Our experience of language revival in Cape York supports  Zuckermann’s conclusion; the linguist alone cannot hope to achieve reclamation.  Whilst Zuckermann is known as a polymath who has served as the revivalist-in-chief in the Barngarla reclamation, Pama Language Centre approaches revivalistics – the transdisciplinary requirements of language revival – by seeking language revitalisation partnerships and recruiting language revitalisation teams with diverse skill sets, experience and backgrounds; indigenous Australians, Micronesians, Europeans who are also linguists, artists, pedagogy experts, microbiologists, parents, grant-writers, coaches, athletes, political scientists, archaeologists, musicians, computer scientists, filmmakers, systems administrators, composers, librettists, historians, writers, singers, animators, educators, social roboticists, business administrators, performers, sports scientists, technologists, engineers, programmers, cognitive scientists, designers and more. We look forward to our list of collaborators expanding to include all other fields of expertise including soon, we hope, health professionals and policy makers. Rather than being inter- or multi-disciplinary, Pama Language Centre revivalists have discovered – as Zuckermannn has – that the creative processes employed in our revival projects allow us to explore and discover solutions that do not come from any single realm of expertise within the group.

Pama Language Centre pursues a hungry approach to language revival. We want our people to have big expectations and to benefit fully from the detail and rich texture of their historical linguistic identity – but we also recognise that where we can go with language revival at a given moment in history depends on a lot of things:  is this reclamation, revival or maintenance? What are the assets our speech community has at its disposal? What are the speech community’s interests?
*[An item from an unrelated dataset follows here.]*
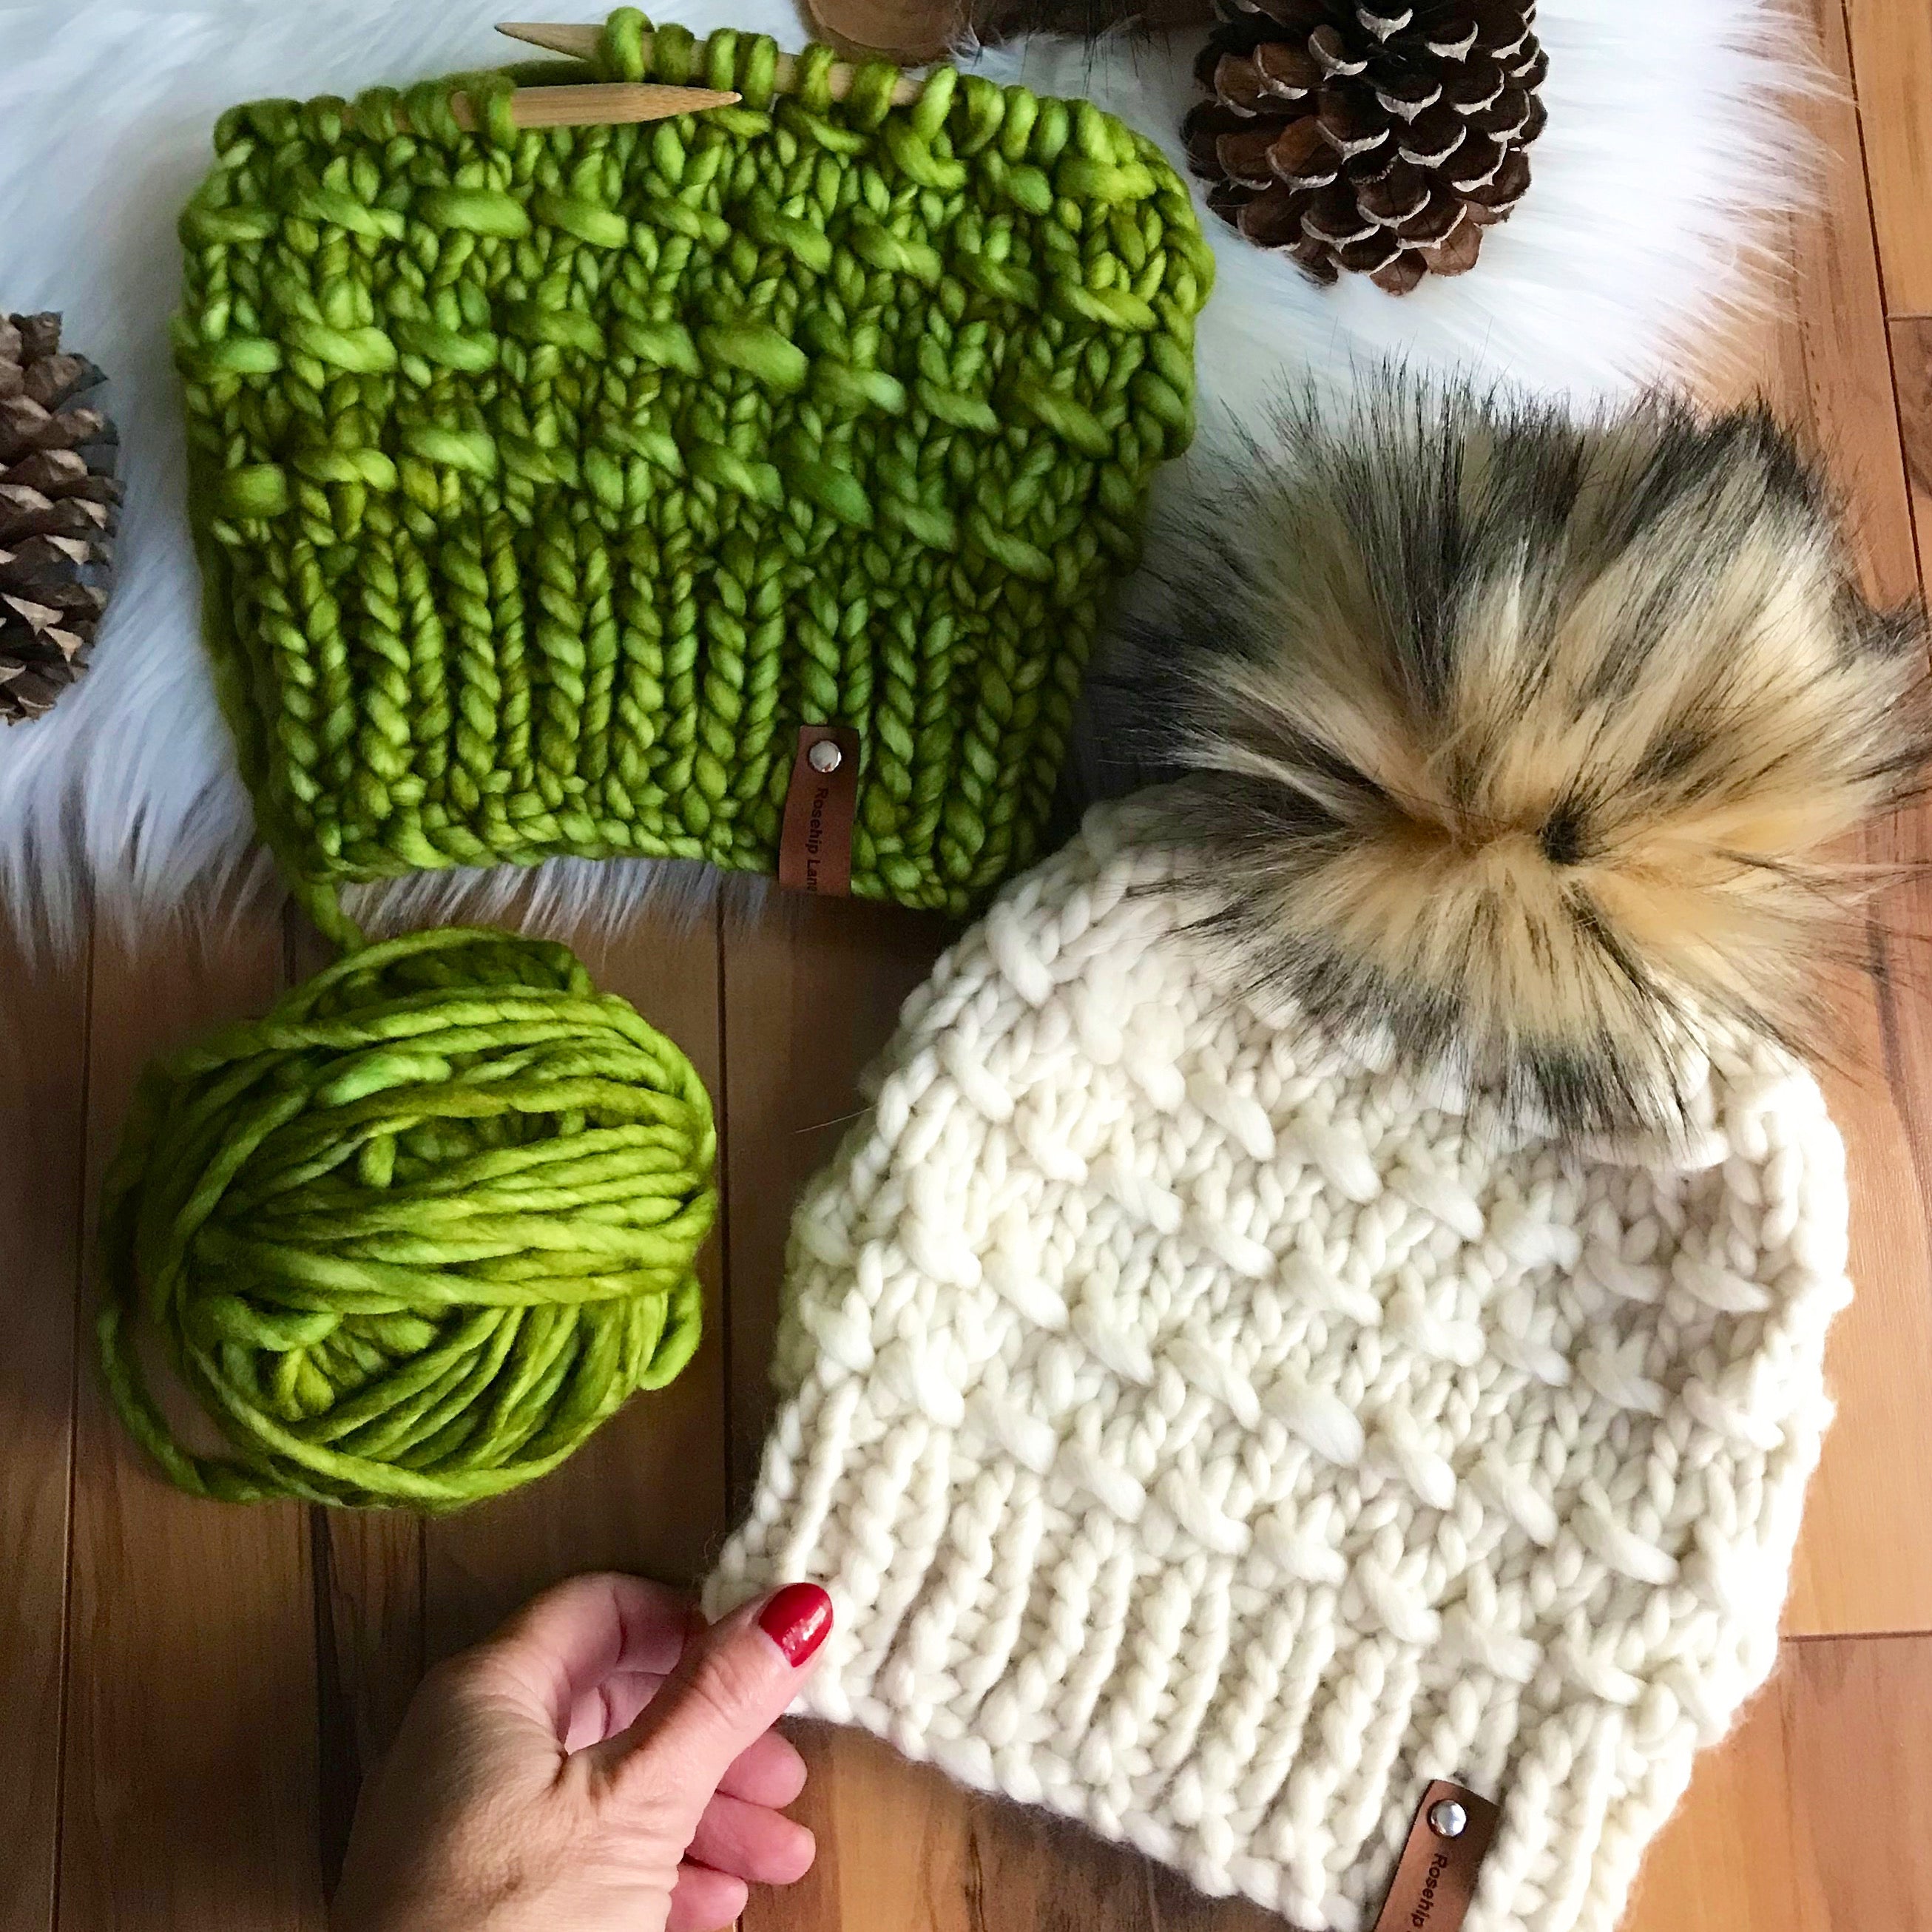 Winter Style with Rella's Pom Beanie

What is the speech communitiy’s definition of successful revival? We need to encourage great expectations and anticipation, but we also need to be realistic and to acknowledge every achievement as such.

In Revivalistics Zuckermann suggests we should think of language revival as a journey. We think we need to take a long view of this journey – perhaps as an inter-generational journey – look at what actions are going to be the most beneficial, rewarding for the individuals and communities we are working with and take it from there. We don’t think there is a map – rather we must navigate together with the tools and information we discover along the way, and not be too proud to stop and ask for directions.
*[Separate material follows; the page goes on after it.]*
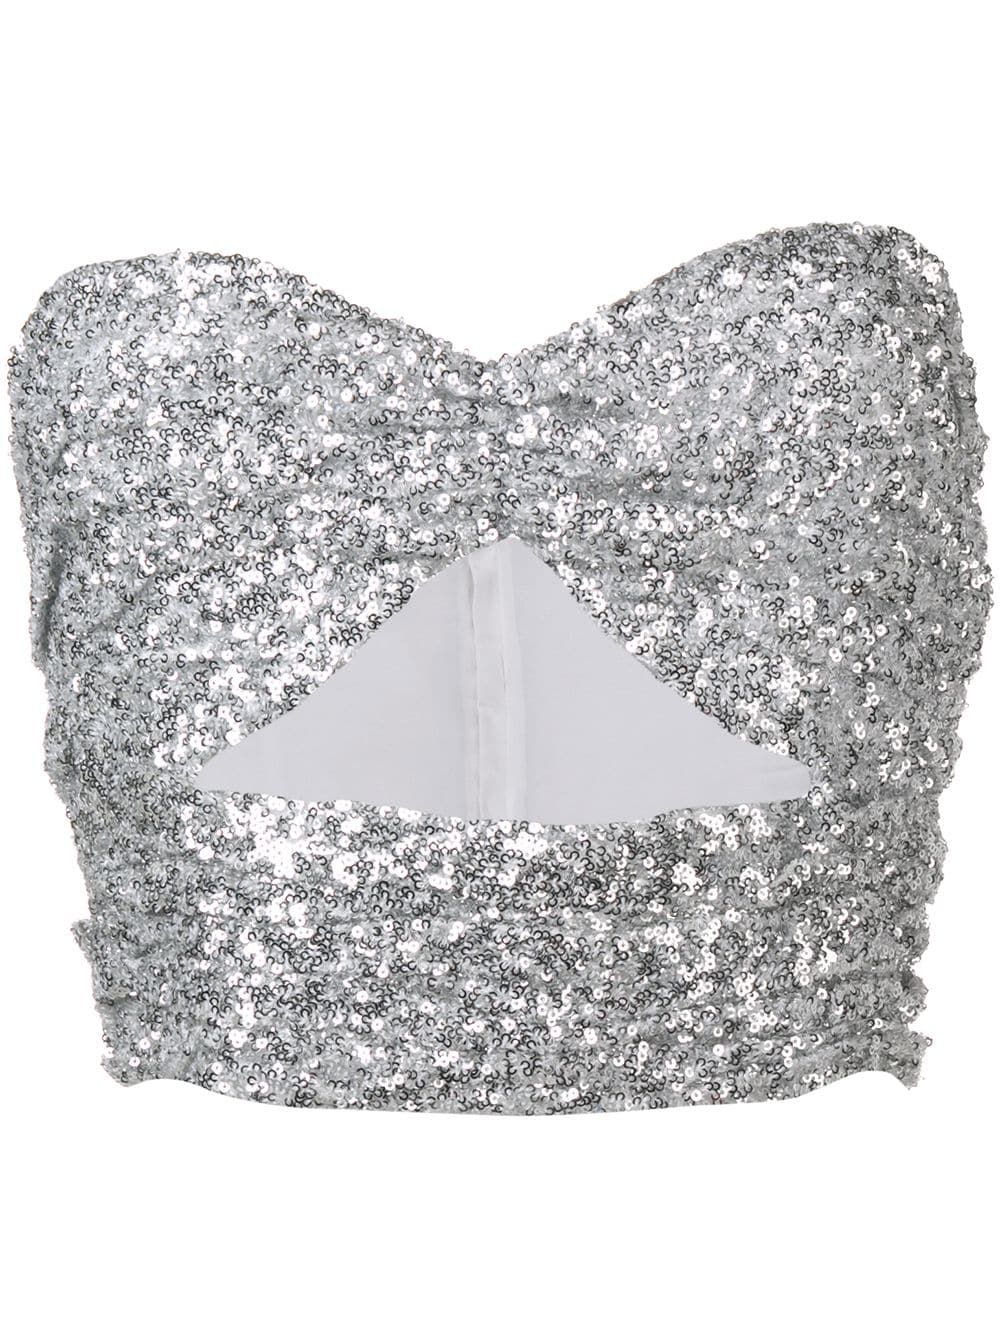 How to Style Silver Sequin Top: Best 13 Eye Catching Outfits for Ladies

If you have a wordlist and a sketch grammar, a linguist – or preferably a few linguists – who ‘get’ revivalistics, some enthusiastic and talented language champions (artists, singers, story tellers?), some IT expertise, you might produce a series of beautifully illustrated read aloud ebooks, or some original songs in your ancestral language – for starters. Language revival is a journey – but experience tells us that success depends on the journey being rewarding and exciting and our achievements being a delight to us, not a sad slog – even if we are battling the odds.

Why should threatened languages be saved? Why did Zuckermann write this book? The “why” of language revitalisation is also the “why” of Revivalistics.

Zuckermannn lists a number of reasons explicitly; improvement of social outcomes, health outcomes, justice outcomes, states of mental health and many more true and compelling reasons. Pama Language Centre takes a Kantian view: we pursue revivalistics because revival of threatened languages is right, regardless of the social, health or economic outcomes. Even if we didn’t spare a generation from the blight of diabetes, or the misery of suicide clusters; it is right to support people to revive their language if this is what they wish.

In 2015 John Ralston Saul, then president of PEN International, the society for authors which championed the drafting of the Universal Declaration of Linguistic Rights and the Girona Manifesto on language rights, identified the loss of ancestral language as the loss of a fundamental human right of freedom of expression, article 19 of the Universal Declaration of Human Rights.

Ralston Saul said:

“When I’m not acting as president of PEN International, I am a Canadian. We share in the Americas the fact that we are probably the most disgraceful of two or three continents when it comes to the destruction of indigenous languages. We have done wrong, again and again, over the centuries by continuing to allow these languages and cultures to be damaged…. This is a big concern because we believe that losing your language is a very serious form of losing your freedom of expression.” (2015)[vii]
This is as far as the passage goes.